RP-HPLC-DAD method for the identification of two potential antioxidant agents namely verminoside and 1-O-(E)-caffeoyl-β-gentiobiose from Spathodea campanulata leaves

A simple and reliable high-performance liquid chromatographic method was successfully developed for the study of fingerprint chromatograms of extract and fractions from the leaves of Spathodea campanulata (SC) using verminoside (1) and 1-O-(E)-caffeoyl-β-gentiobiose (2) as marker compounds. Antioxidant activity of SC was determined by using free radical of 2,2-diphenyl-1-picryl-hydrazyl-hydrate as an experimental model. The docking study of selected target, tyrosinase and ligands (ascorbic acid, compounds 1 and 2) was performed through Autodock Vina v0.8. Fingerprints of methanol, chloroform, ethylacetate, n-butanol and water extracts could resolve 13, 11, 22, 16 and 5 peaks, respectively. Extract, fractions and compounds 1 and 2 previously isolated from SC displayed remarkable antioxidant activity with radical-scavenging activity ranging from 2.5 to 6.7 μg/mL. In silico study identified compounds 1 and 2 as potential inhibitors of tyrosinase correlating with the observed antioxidant activity in vitro.
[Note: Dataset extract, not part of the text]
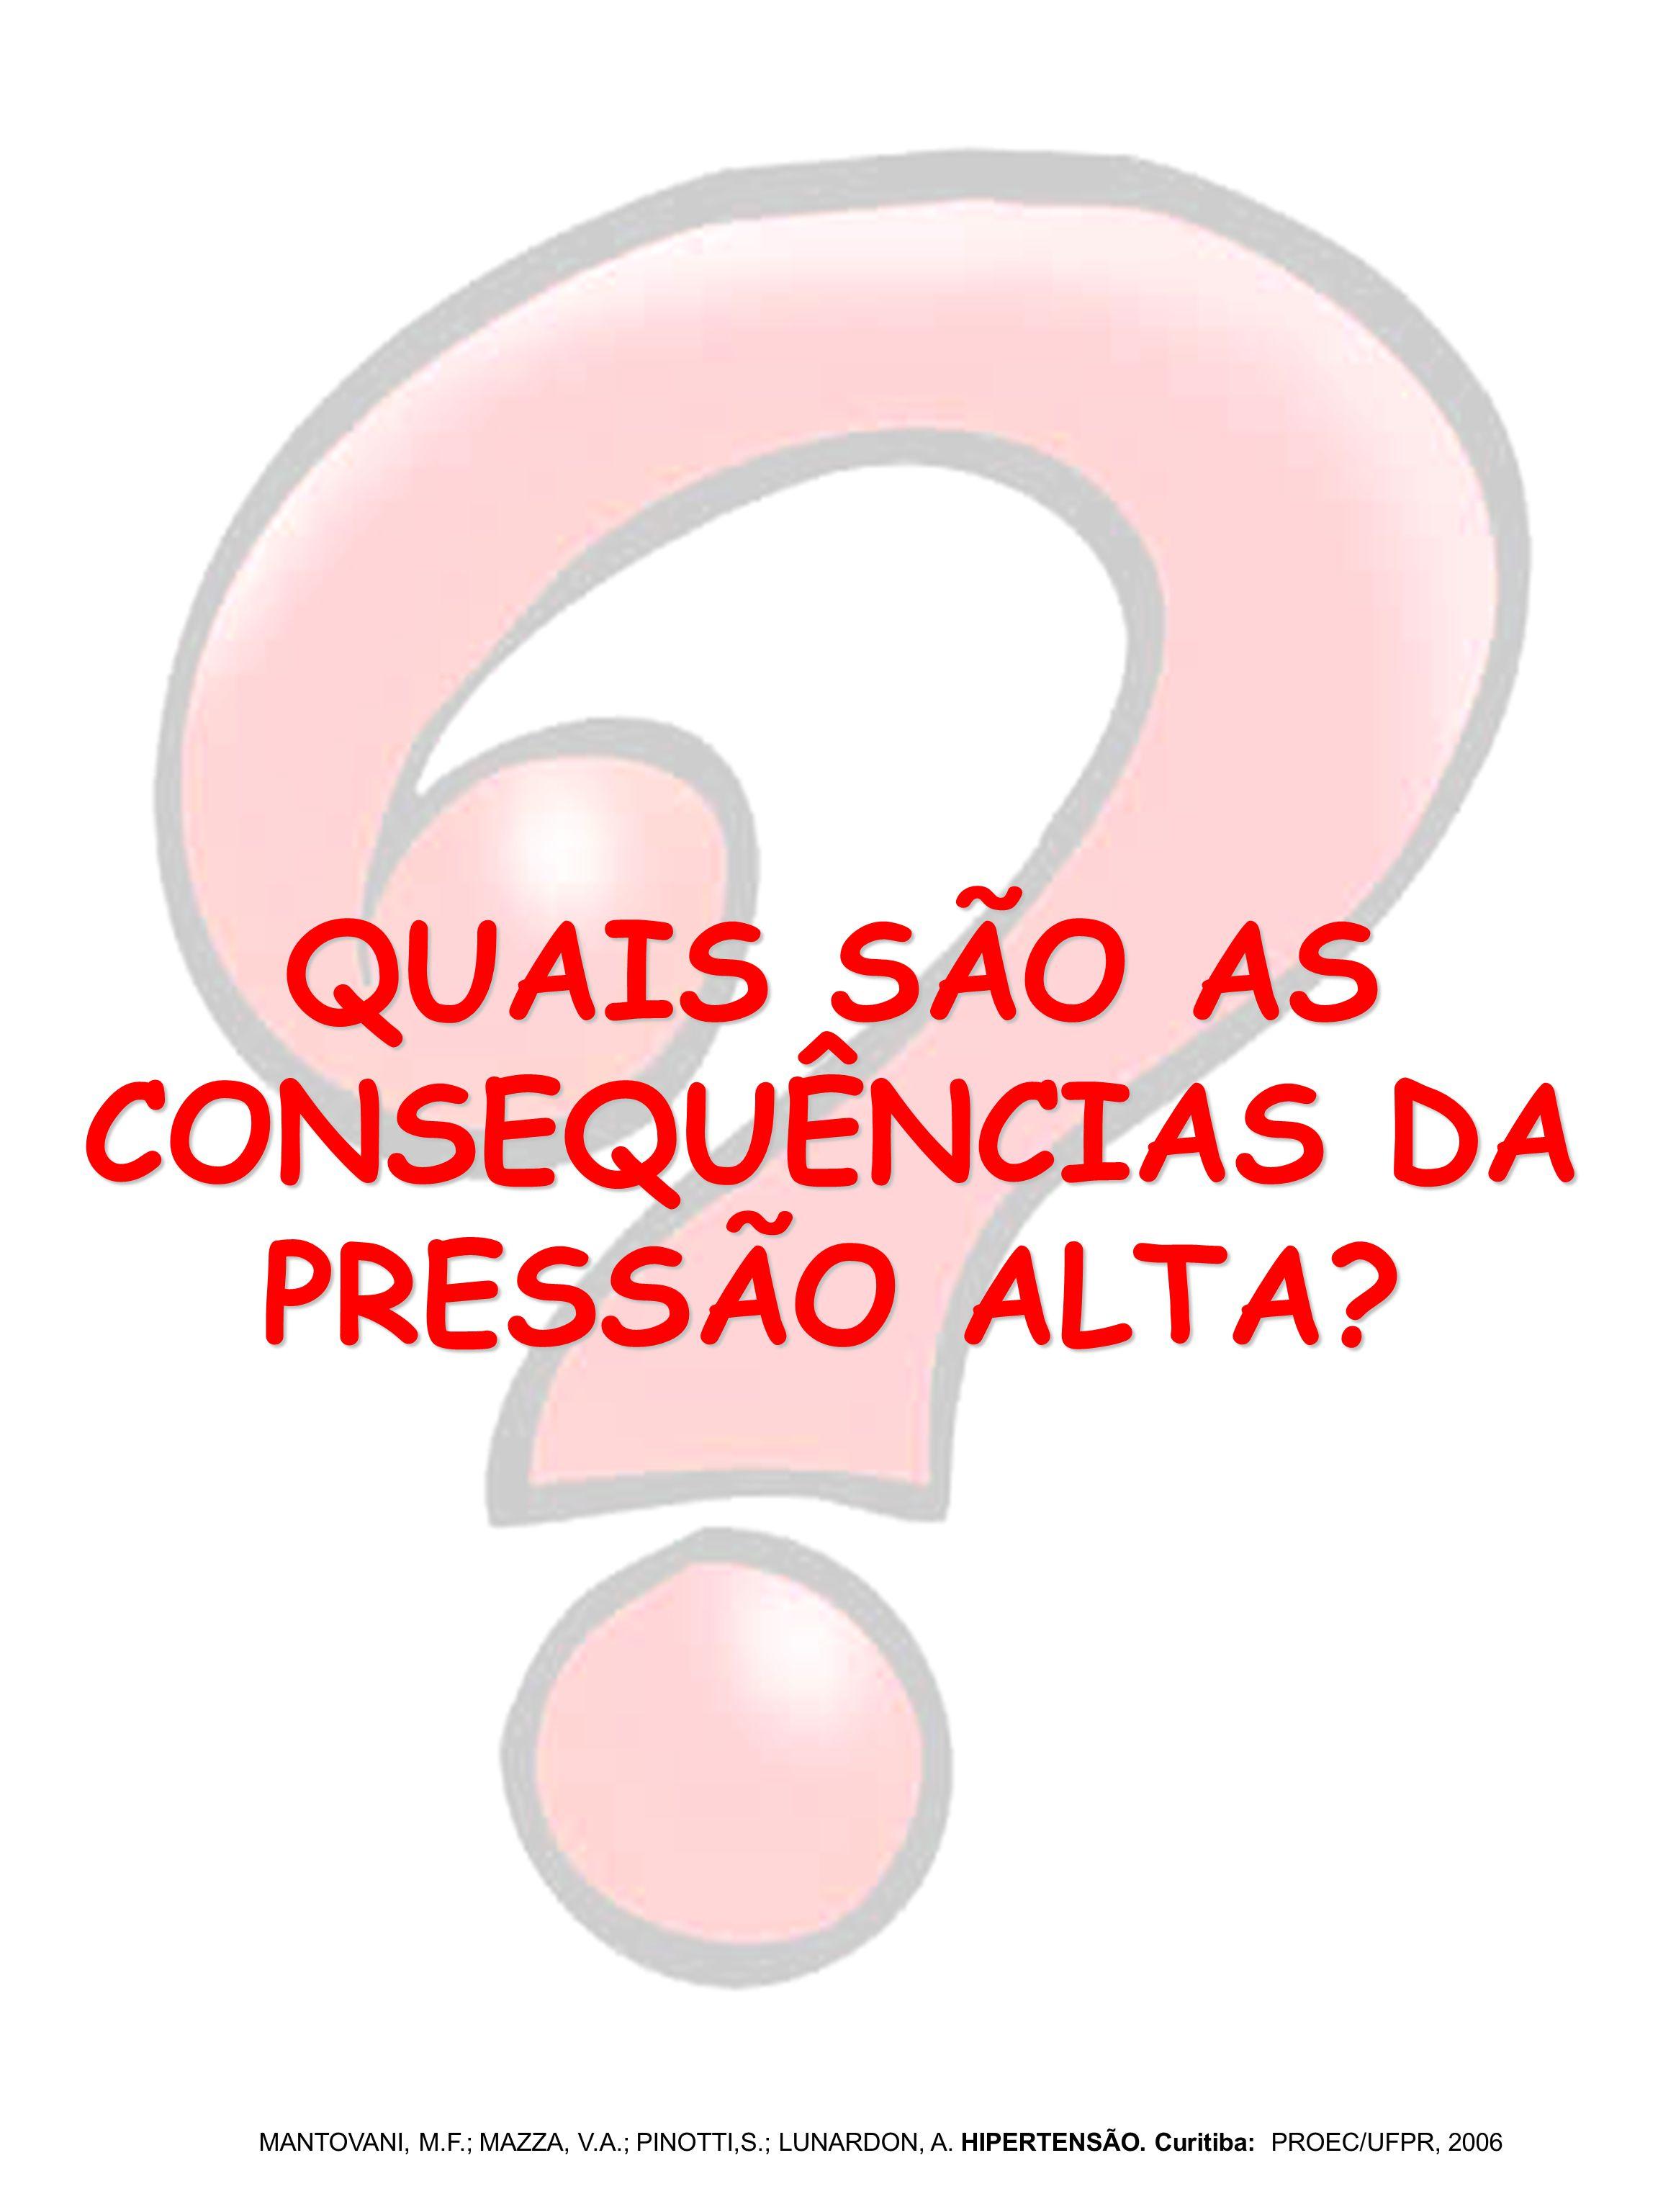 QUAIS SÃO AS CONSEQUÊNCIAS DA PRESSÃO ALTA
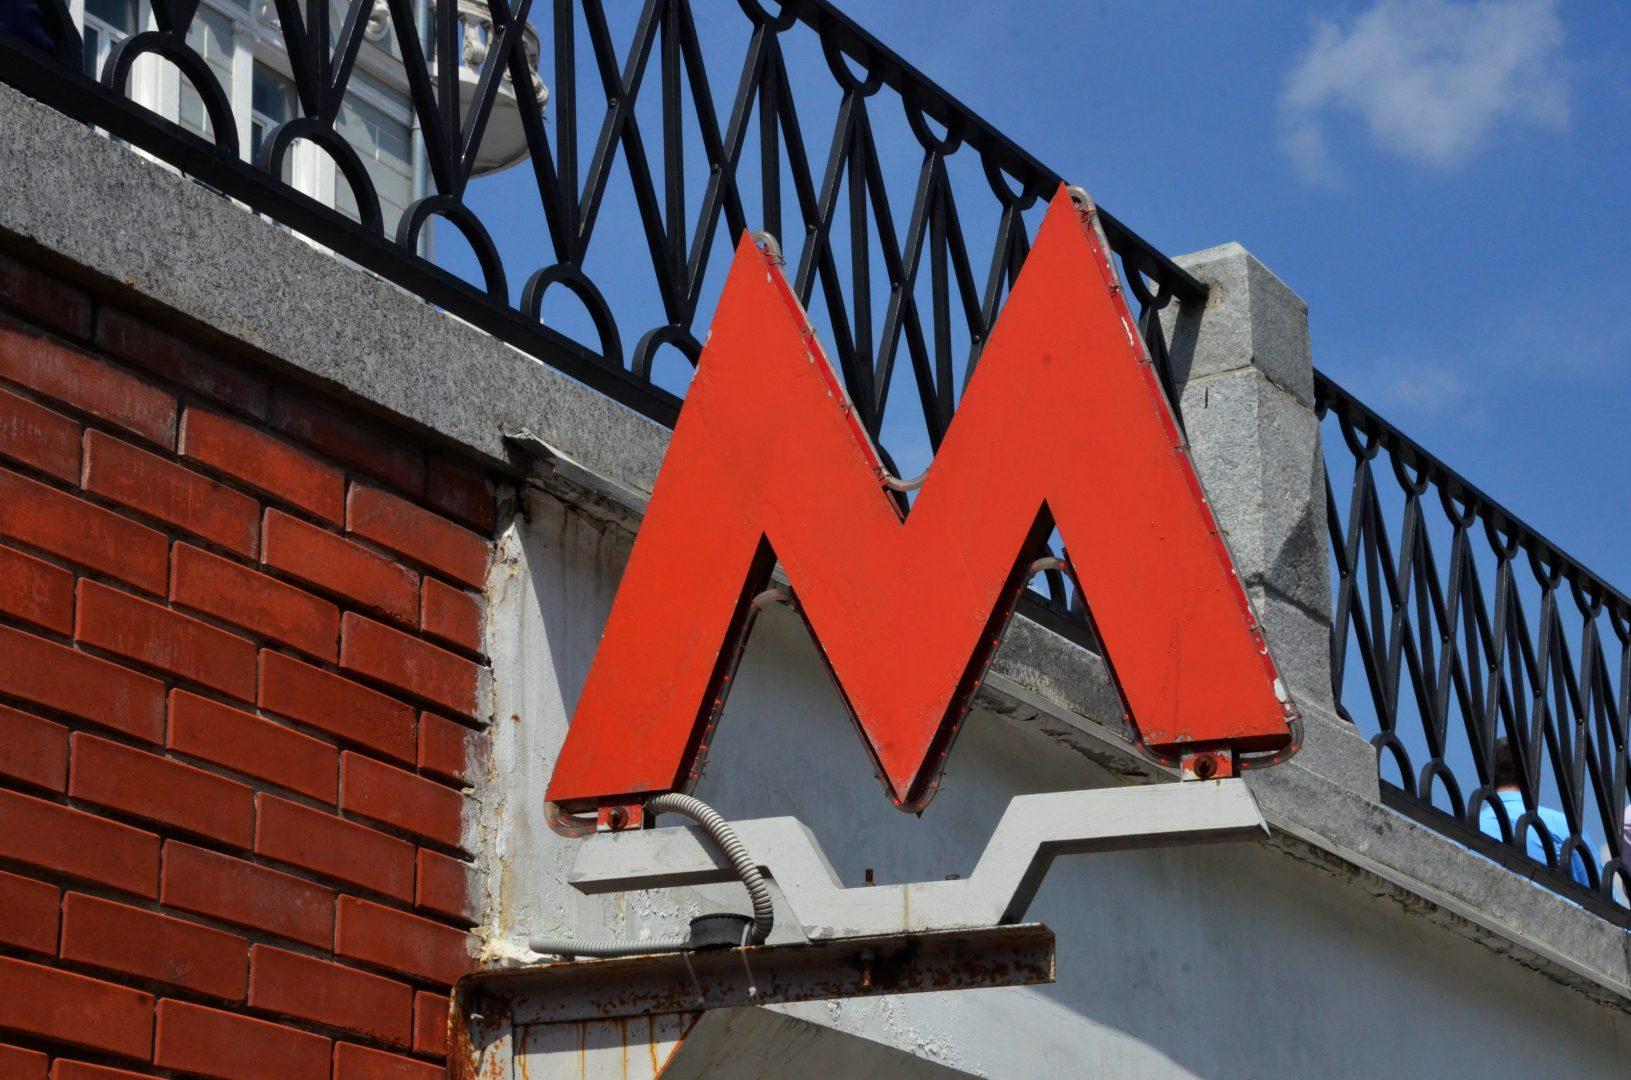 Семь станций метро откроют в Новой Москве до 2023 года. Фото: Анна Быкова

Membrane stabilisation: a possible anti-inflammatory mechanism for the extracts and compounds from Spathodea campanulata

This study was undertaken to evaluate the efficiency of extract, fractions and pure molecules from Spathodea campanulata (SC) towards inflammation. Polarity-based extracts of SC were found active in stabilising red blood cell (RBC) membrane indicating anti-inflammatory potential. Bioactivity-guided isolation of SC produced 1-O-(E)-caffeoyl-β-gentiobiose and (2S)-1,2-di-O-[(9Z,12Z,15Z)-octadeca-9,12,15-trienoyl]-3-O-[α-d-galctopyranosyl-(1″ → 6′)-O-β-d-galactopyranosyl] glycerol as the active constituents with 65.91% and 67.41% of membrane stability, respectively. Activity of the third compound (verminoside) could not be ascertained owing to extremely low recoverability. Furthermore, the isolated compounds were subjected to in silico studies. The compounds showed good binding affinity towards cyclooxygenase-2. Absorption, distribution, metabolism & excretion (ADME)-toxicity studies illustrated that the isolated compounds are free of toxicity. These observations help us to conclude that SC might exert its anti-inflammatory activity by soothing the RBC membrane as it is the case for non-steroidal anti-inflammatory drugs towards lysozomal membranes. Therefore, SC might be considered as a potential candidate for development of anti-inflammatory drugs.